Mağlubiyeti ilmik ilmik işlediniz hanenize. Yakınmak, şikayet etmek hakkınız değil. Tadını çıkarın!

***

İl başkanı Aras geçtiğimiz günlerde bir açıklama yapmış, “Yola devam” demiş. Yani istifa etmeye niyeti yok.

Birilerinin Aras’a hatırlatması gerekiyor:

-Aras göreve geldiğinde Van’ın 7 vekilinden 5’i Ak Parti’den di. 2011 yılında 5 olan milletvekili sayısı onun il başkanlığı olduğu dönemde vekil sayısı 8’e çıkmasına rağmen Ak Parti 4 vekil çıkarabildi.

-Ak Parti’nin sonradan AK Parti’ye katılanlar ile birlikte 30 Mart seçimlerine girmeden önce 6 belediyesi vardı. O zamanlar Van ile birlikte 12 belediye vardı bu seçimde 14 belediye vardı. Onun başkanlığında AK Parti’nin belediye sayısı 2’ye düştü.

Ötesi var mı?

Ardından Gülaçar sonraki günlerde açıklama yapıyor seçimlerde paralel yapı vs. birçok müdahale olduğunu söylüyor ve “Nasıl kazanıldığını iyi biliyoruz” diyor…

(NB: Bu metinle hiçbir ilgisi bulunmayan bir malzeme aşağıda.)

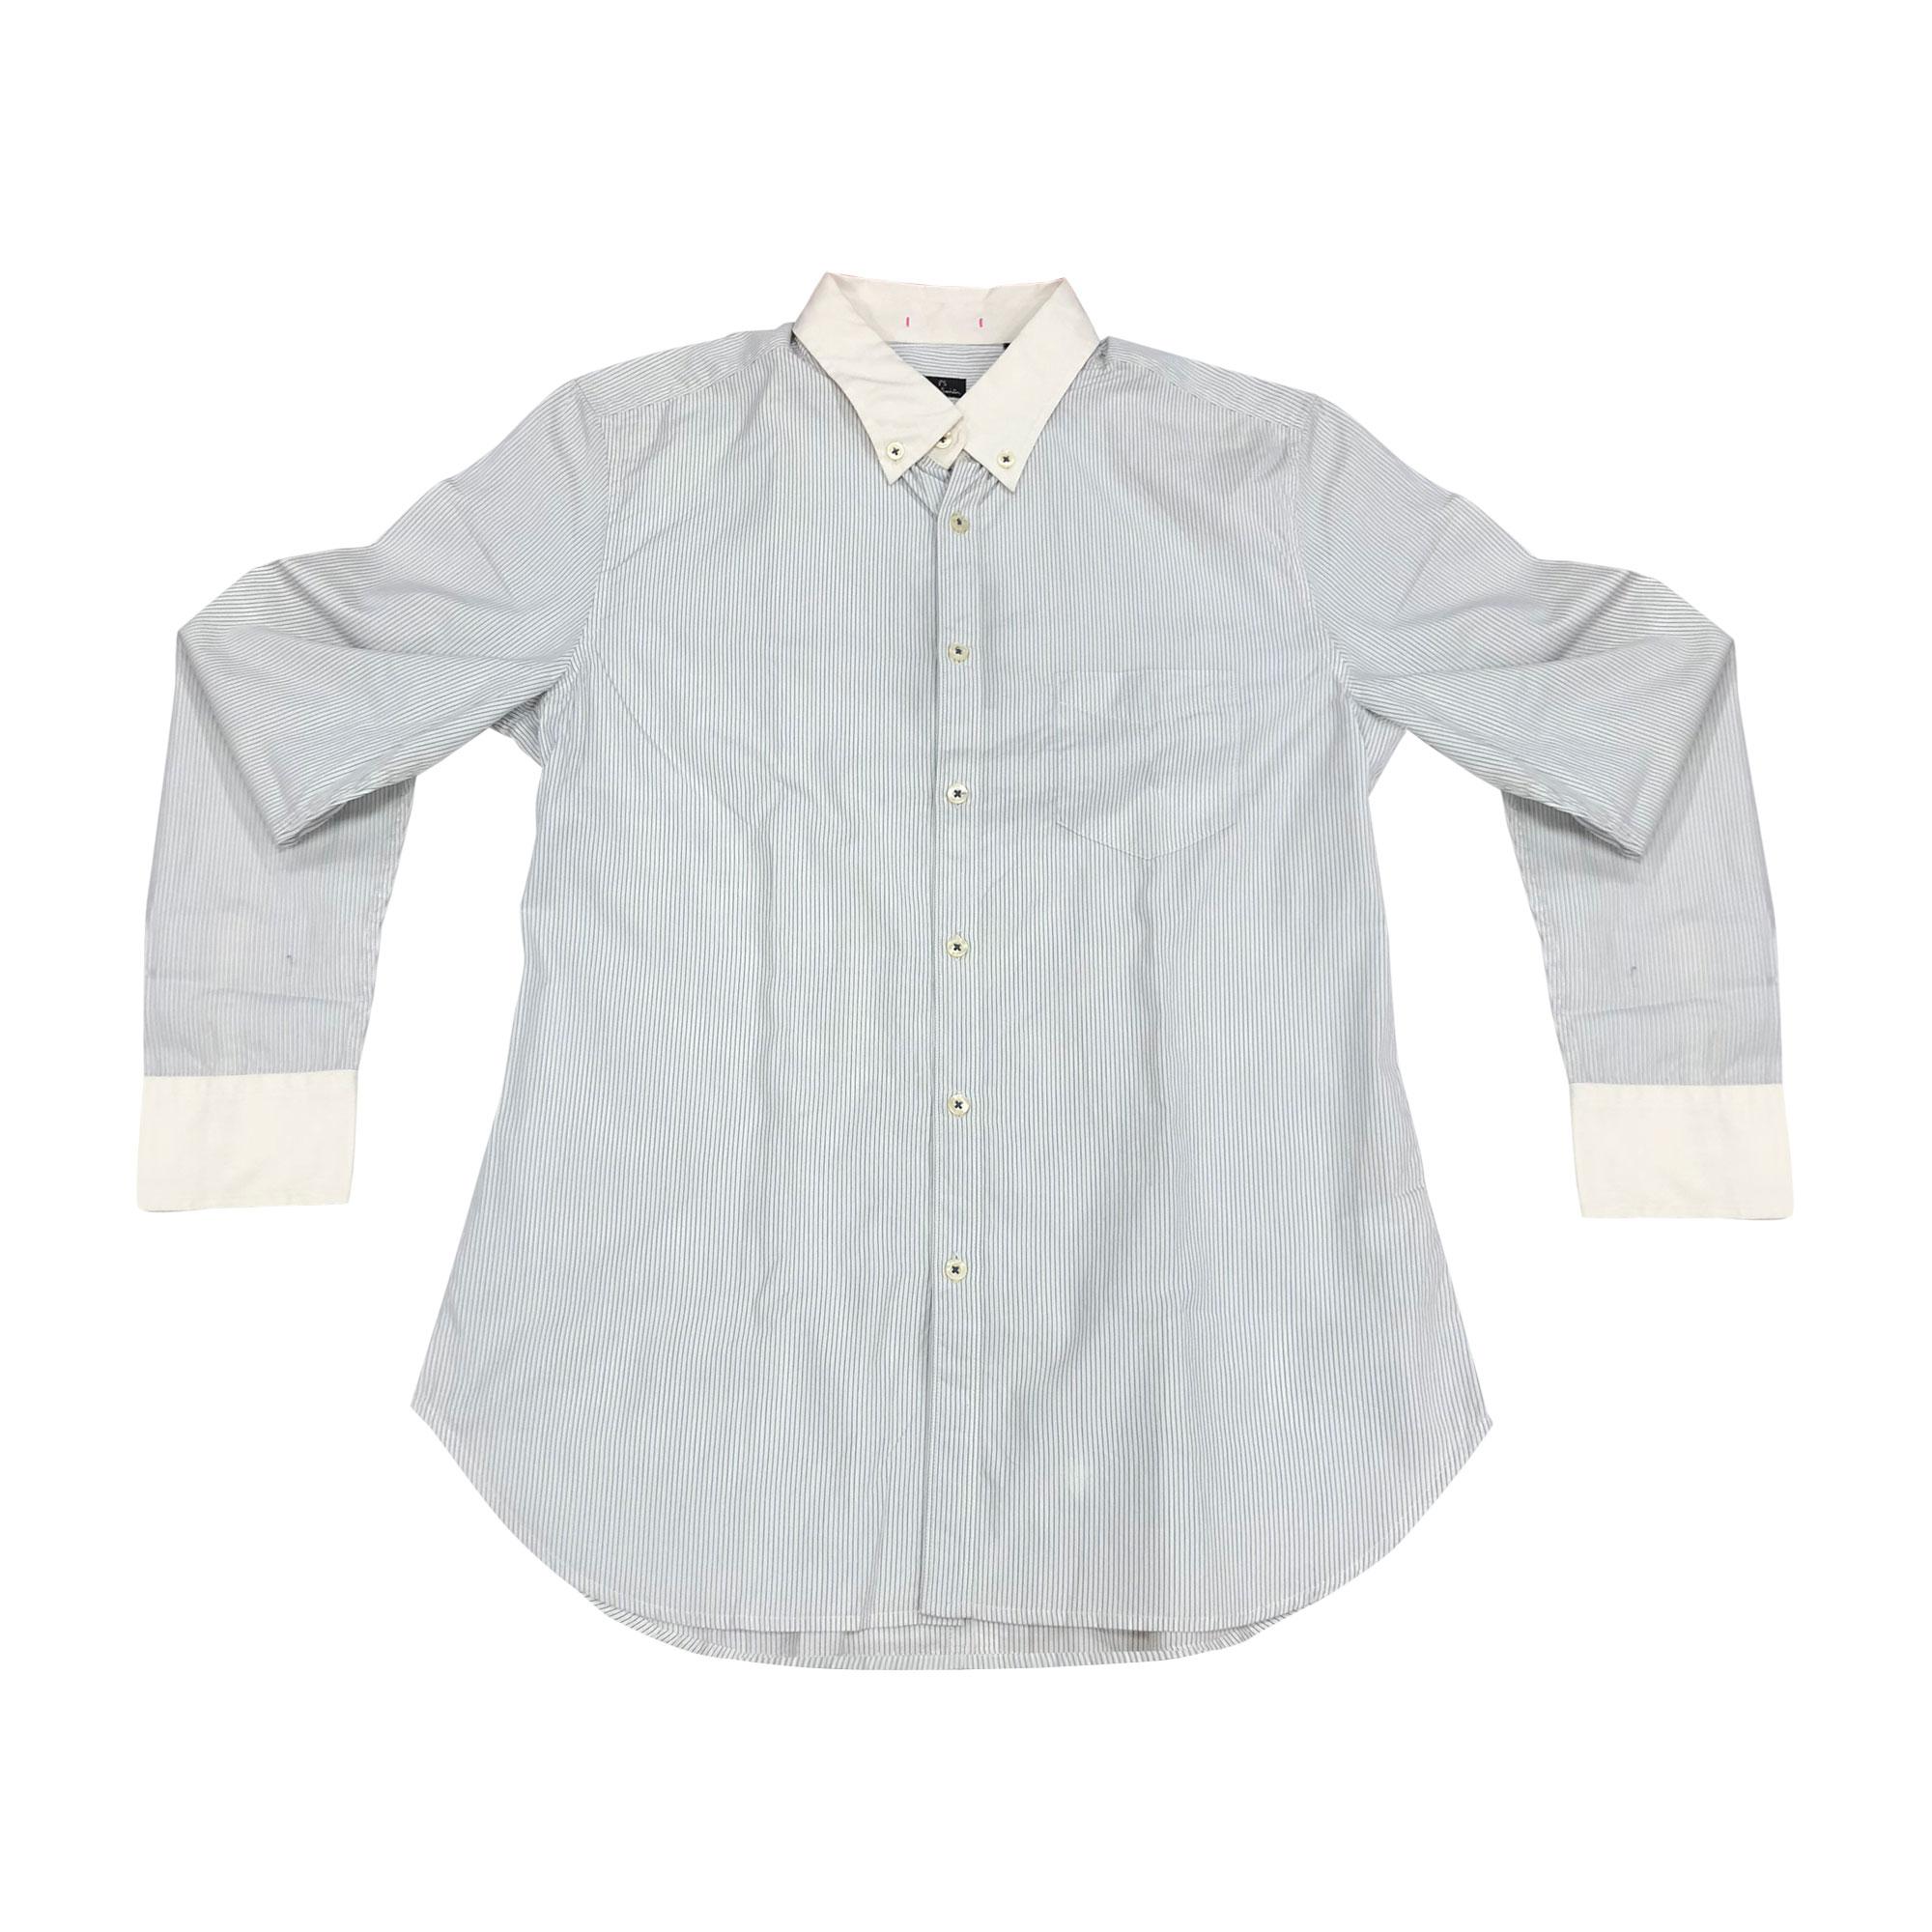 Shirt PAUL SMITH - BLACK LABEL White, off-white, ecru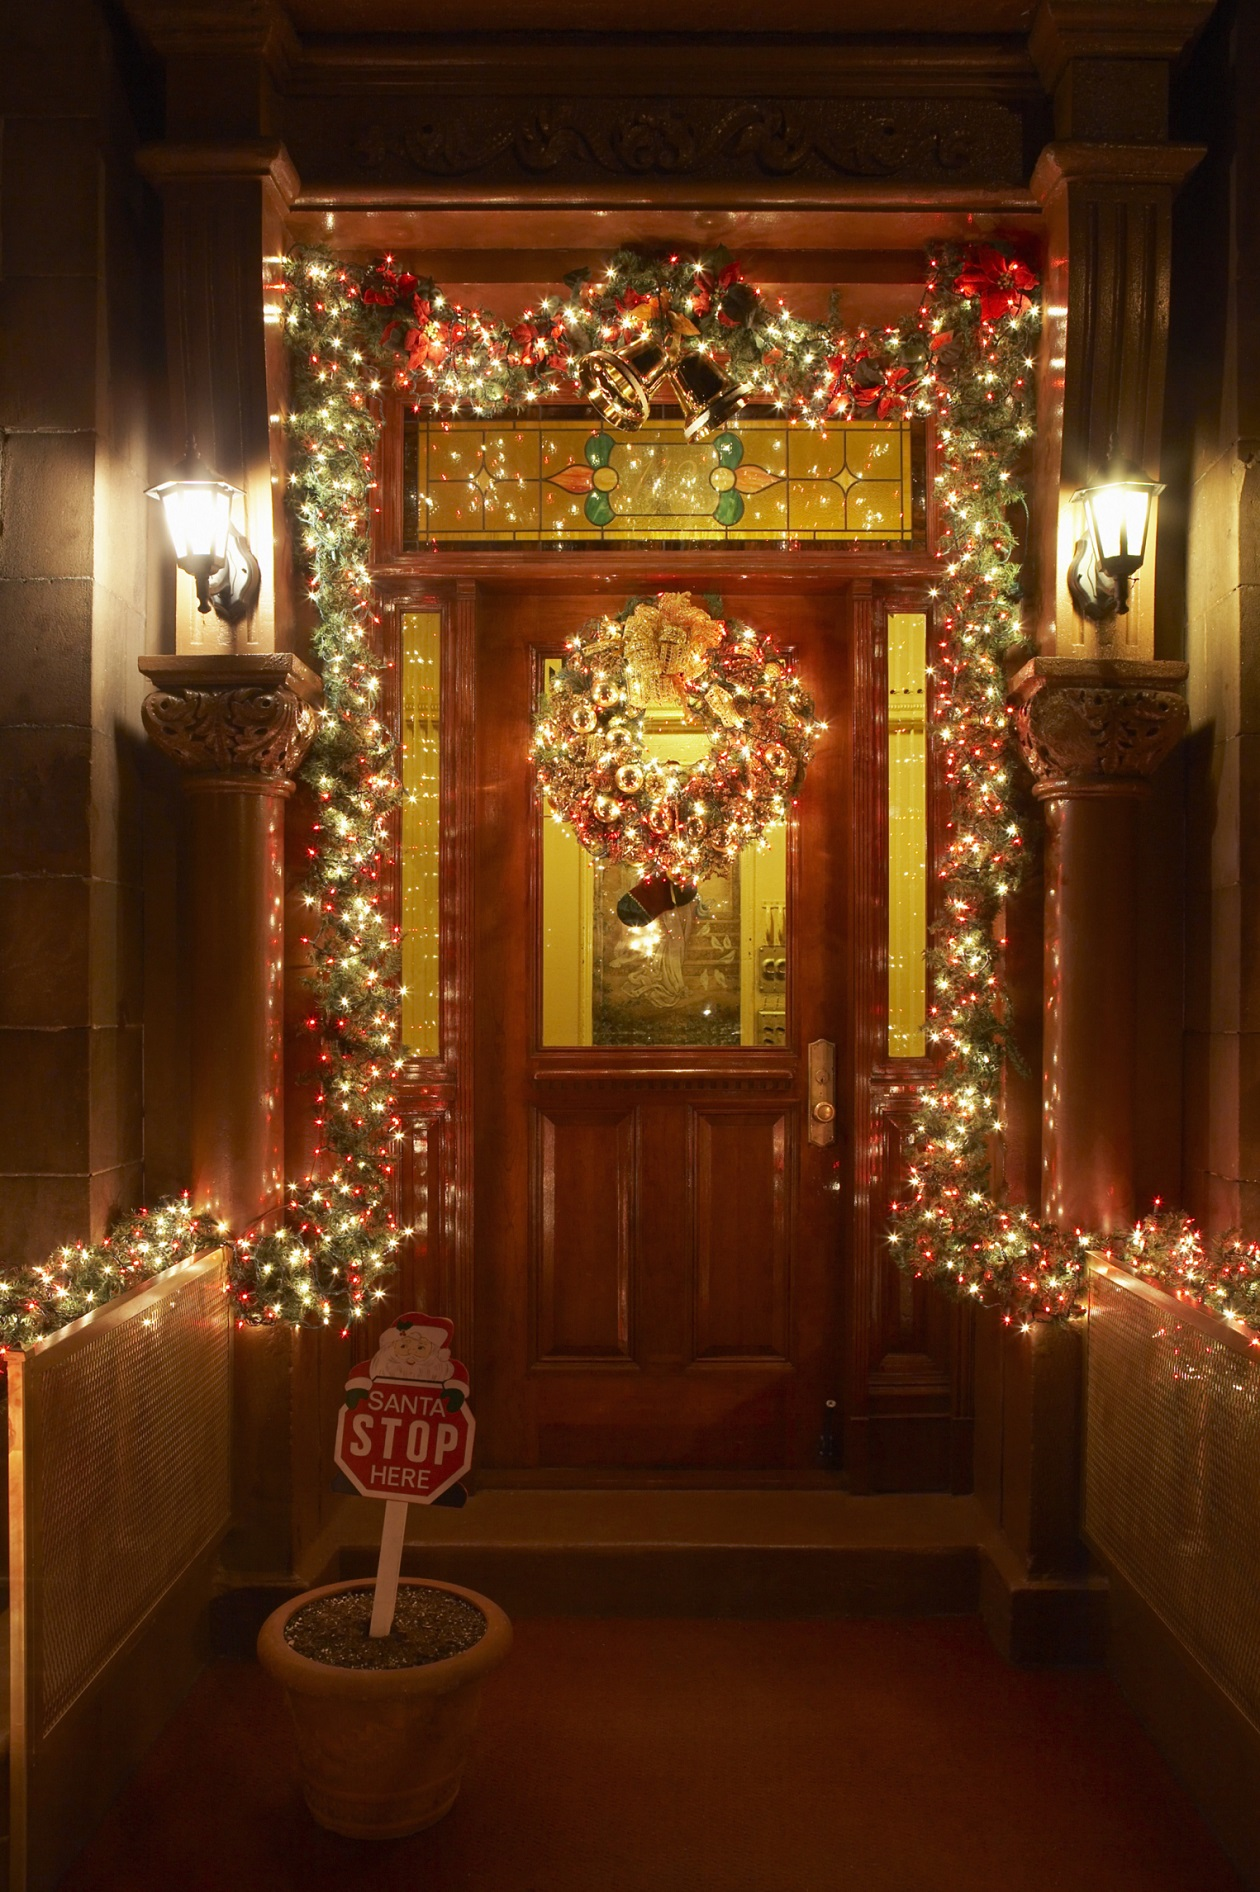 Diciembre 2015 blog madridecor for Decoracion casa navidad 2016

-Gülaçar bu açıklamayı yaparken, Ak Parti’den kazanan iki belediye başkanın ortasında oturuyor. İl başkanının yapması gereken açıklama Gülaçar’ın ağzından dökülüyor. Bunu il başkanı olmadan neden yapıyor? Neden vekiller yok.

Hal böyle olunca insanın aklına il başkanlığı ile ilgili düşünceler gelmiyor değil…

***

İL BAŞKANLIĞI RAĞBETTE!

İnkar etmek, şikayet etmek, bahane aramak boşuna…

Bu mağlubiyet teşkilatın, ilçe teşkilatlarının, milletvekillerinin ve büyükşehir adayının. Üzerlerine düşen bu başarısızlığı üstlenmek, “Ben yapmadım, o yaptı” diyerek “Az daha durayım” çabası vermek değil.

“Veren mi var?” diyen olacaktır, şöyle diyim bu çabayı vermeyen mi var!

Bakın bu mağlubiyetin içinde bizzati bulunan isimler kimler Abdullah Aras, Osman Nuri Gülaçar, Eyüp Acar, İrfan Teke, Yavuz Kuşan, Abdulmenaf Keyifli…

Şimdi il başkanlığı için zikredilen isimler kim?

Yukarıdaki isimlerin aynısı…

Belli ki alınan bu mağlubiyet AK Parti’nin fazlaca hoşuna gitmiş. AK Parti bu kentte yeni bir başlangıç istiyorsa bu isimlerin il başkanlığı ile anılmasına izin vermeyecek.

Bu iş için tam anlamıyla biçilmiş kaftanlar dururken aynı kadroya bir kez daha şans vermek akıl işi değil. Buna ne imkân ne de zaman var!